Dysmetria is a medical term used to describe a condition that affects one’s ability to control and coordinate their movements accurately. In simpler terms, it is like having a glitch in the brain’s “motion control system”.

When someone experiences dysmetria, their movements, such as reaching for an object or touching a specific point, may be imprecise and often overshoot (where we call it hypermetria) or undershoot (where we call it hypometria) the intended target.

Imagine trying to throw a ball at a target, but your brain misjudges the force needed, and the ball either goes too far or does not reach the target at all. This is similar to what happens in dysmetria, where the brain’s signals to the muscles do not work as smoothly as they should, leading to inaccurate movements.

What Causes Dysmetria?

Most cases of dysmetria are caused by problems in the cerebellum, which is the part of the brain that coordinates and fine-tunes voluntary motor actions. Cerebellar diseases like cerebellar ataxia, multiple sclerosis, and cerebellar strokes can damage this important part of the brain, which can then cause dysmetria.

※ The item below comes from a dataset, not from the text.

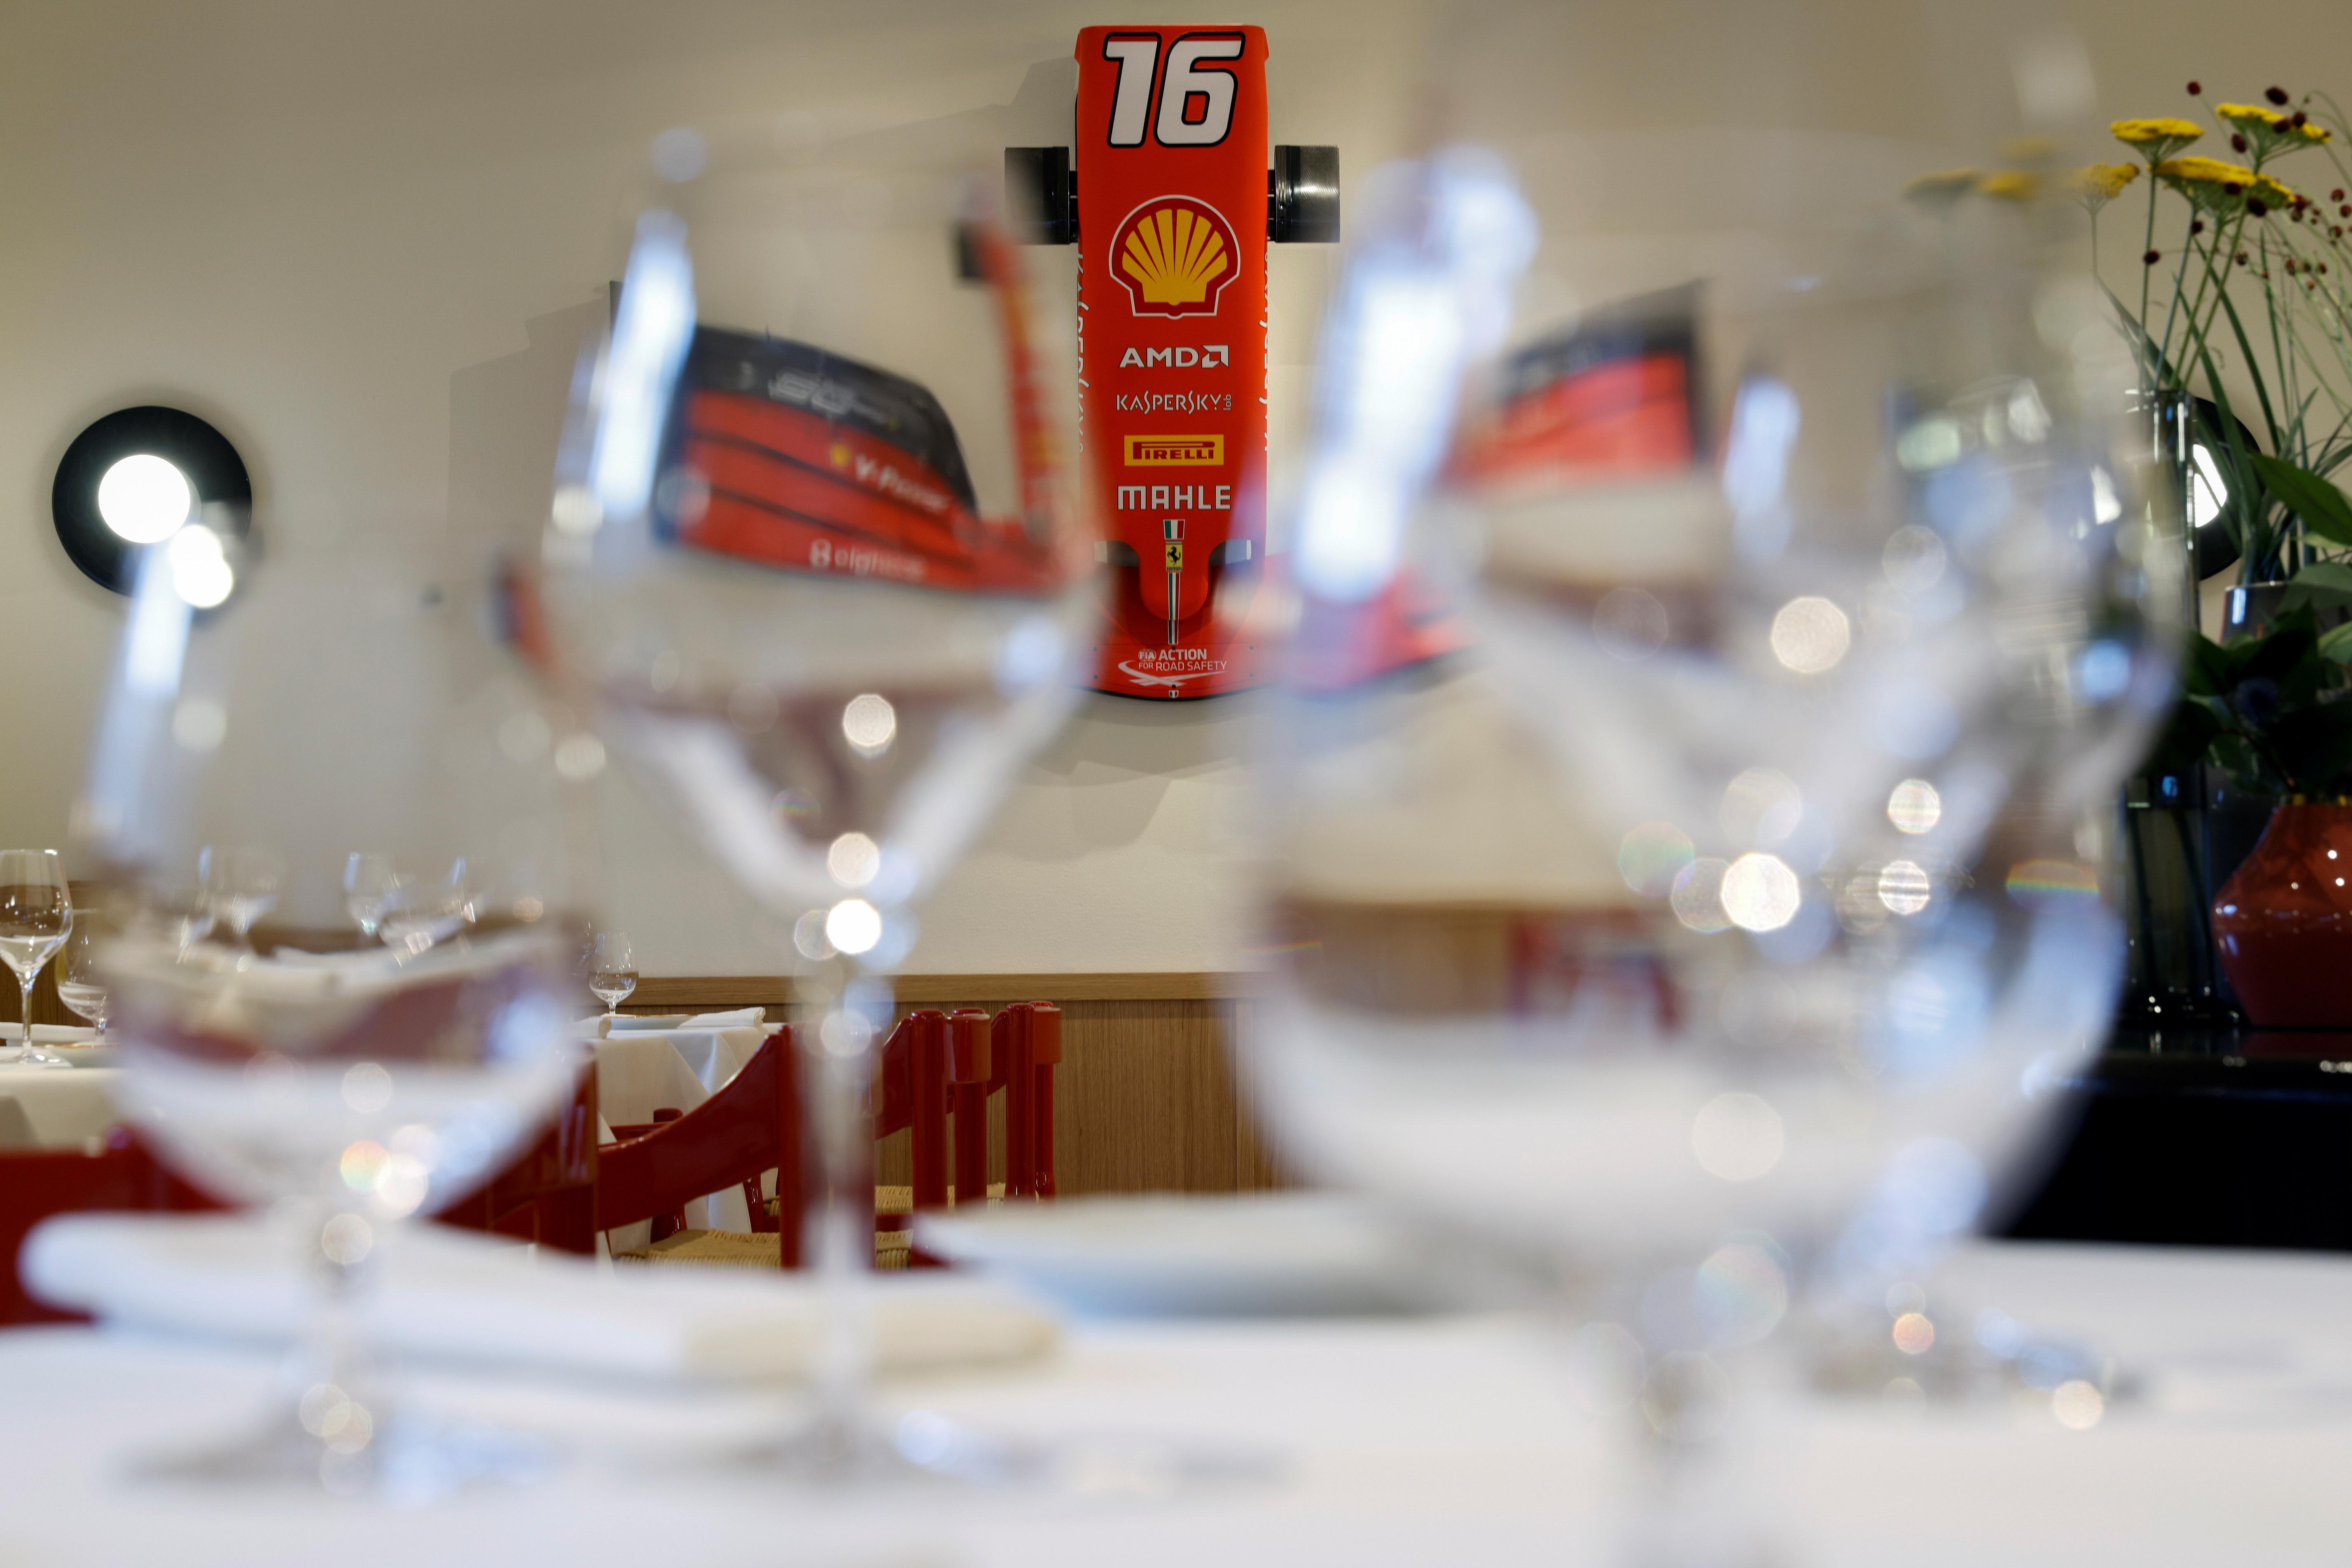 A Ferrari's F1 front-end is displayed at the Ferrari's restaurant 'Cavallino' run by Michelin-starred chef Massimo Bottura in Maranello, Italy, June 8, 2021. Picture taken June 8, 2021. REUTERS/Guglielmo Mangiapane

The cerebellum or its neural connections can also be damaged by head injuries, traumatic brain injuries, infections like encephalitis (inflammation of the brain) or meningitis (inflammation of the meninges, the protective membranes that surround the brain and spinal cord), and long-term use of alcohol or certain drugs. Even brain tumours, especially those located close to the cerebellum, may affect the way the brain works and cause dysmetria.

How to Diagnose and Treat Dysmetria?

Diagnosis of dysmetria typically starts with a thorough assessment, during which a doctor reviews the medical history and conducts physical examinations, assessing the motor skills and balance. To pinpoint the underlying causes, brain imaging tests like MRI (magnetic resonance imaging) or CT (computed tomography) scans may be requested to examine the brain’s structural issues. Specialized neurological tests might also be performed to evaluate the severity of dysmetria.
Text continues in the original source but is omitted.